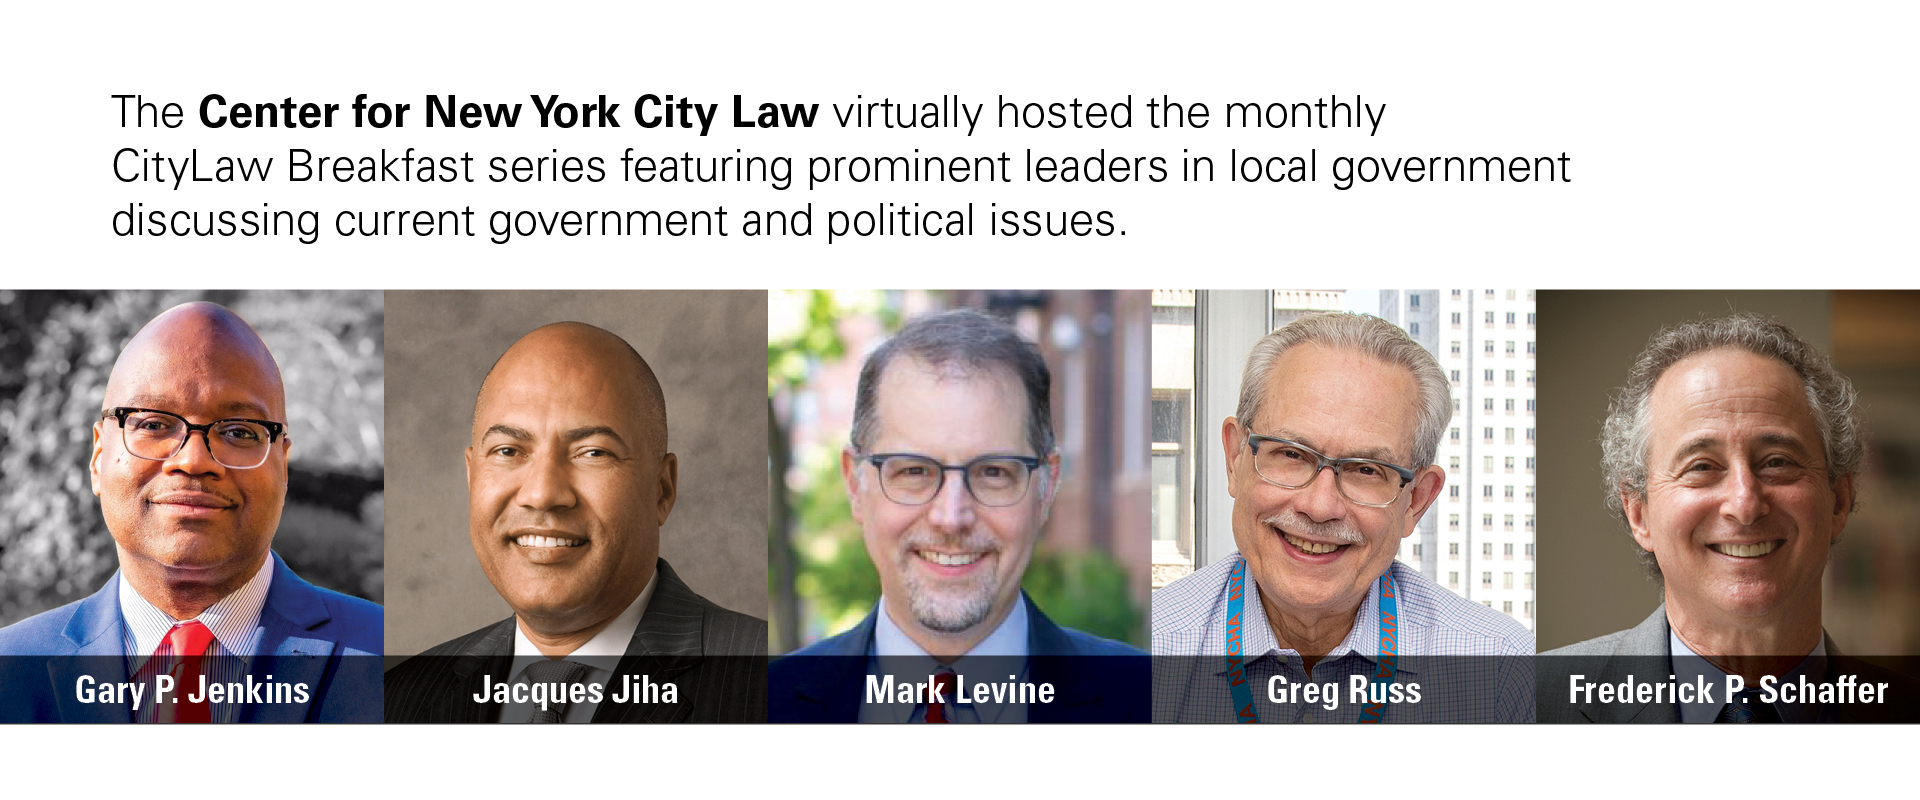 The Center for New York City Law virtually hosted the monthly CityLaw Breakfast series featuring prominent leaders in local government discussing current government and political issues.
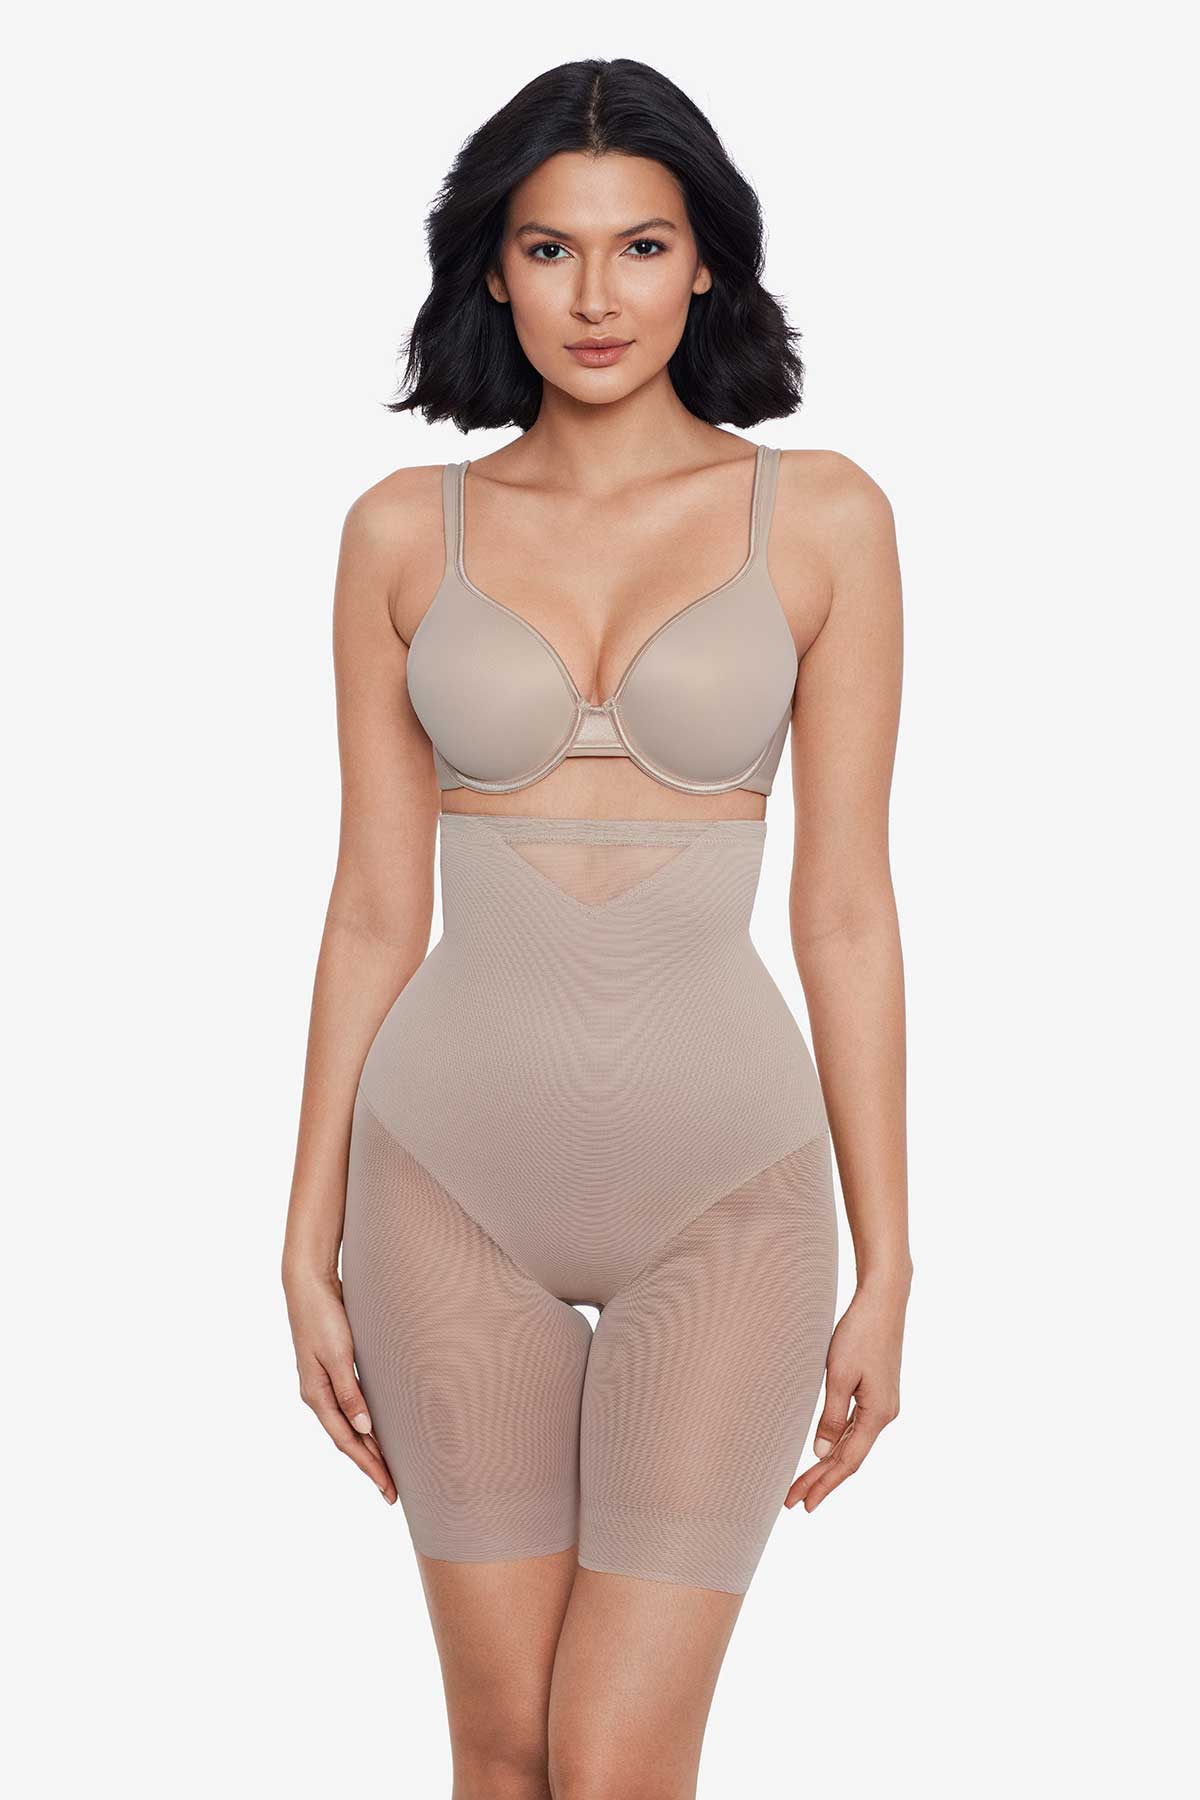 Miraclesuit Shapewear Women's Extra Firm Waist Cincher Nude Body
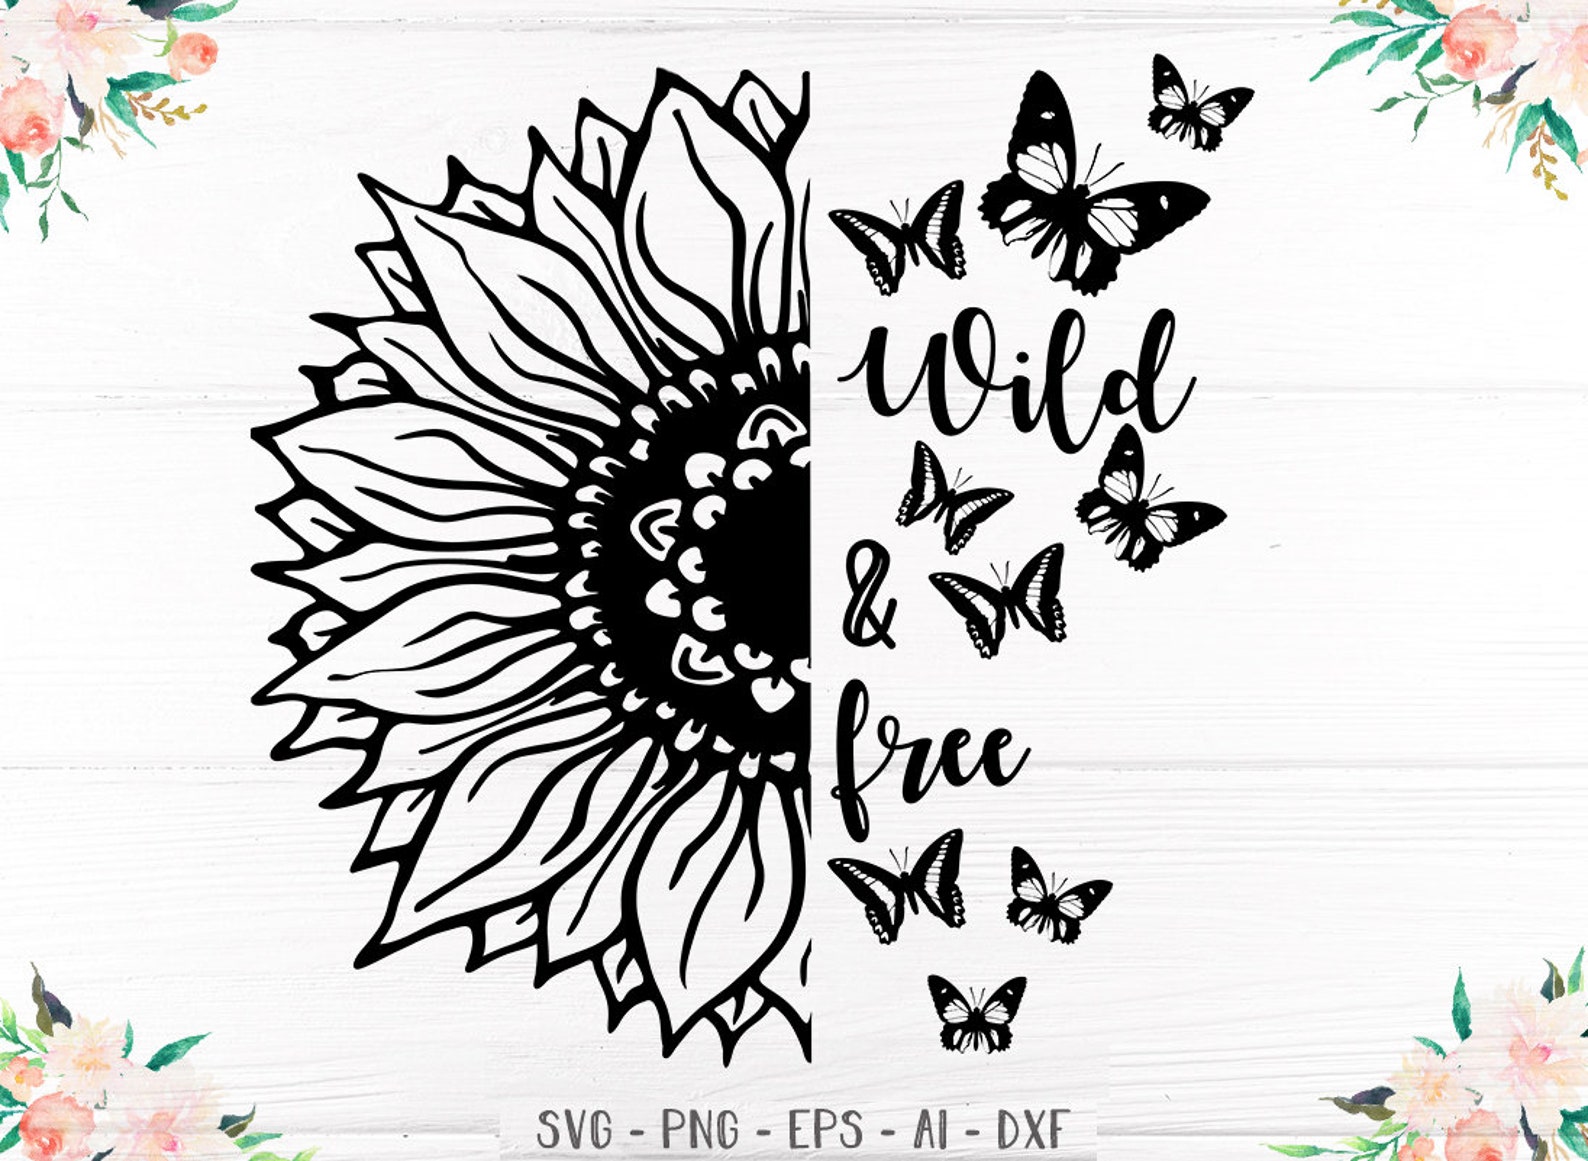 Sunflower SVG Butterfly Shirts PNG Wild and Free Clipart Horse - Etsy

====================

Once the line containing "Miraclesuit Shapewear Women's" is found, transcribe it and the rest of the lines to the end of the listing above exactly, omitting all pictures.

 Miraclesuit Shapewear Women's Extra Firm Waist Cincher Nude Body
 Sunflower SVG Butterfly Shirts PNG Wild and Free Clipart Horse - Etsy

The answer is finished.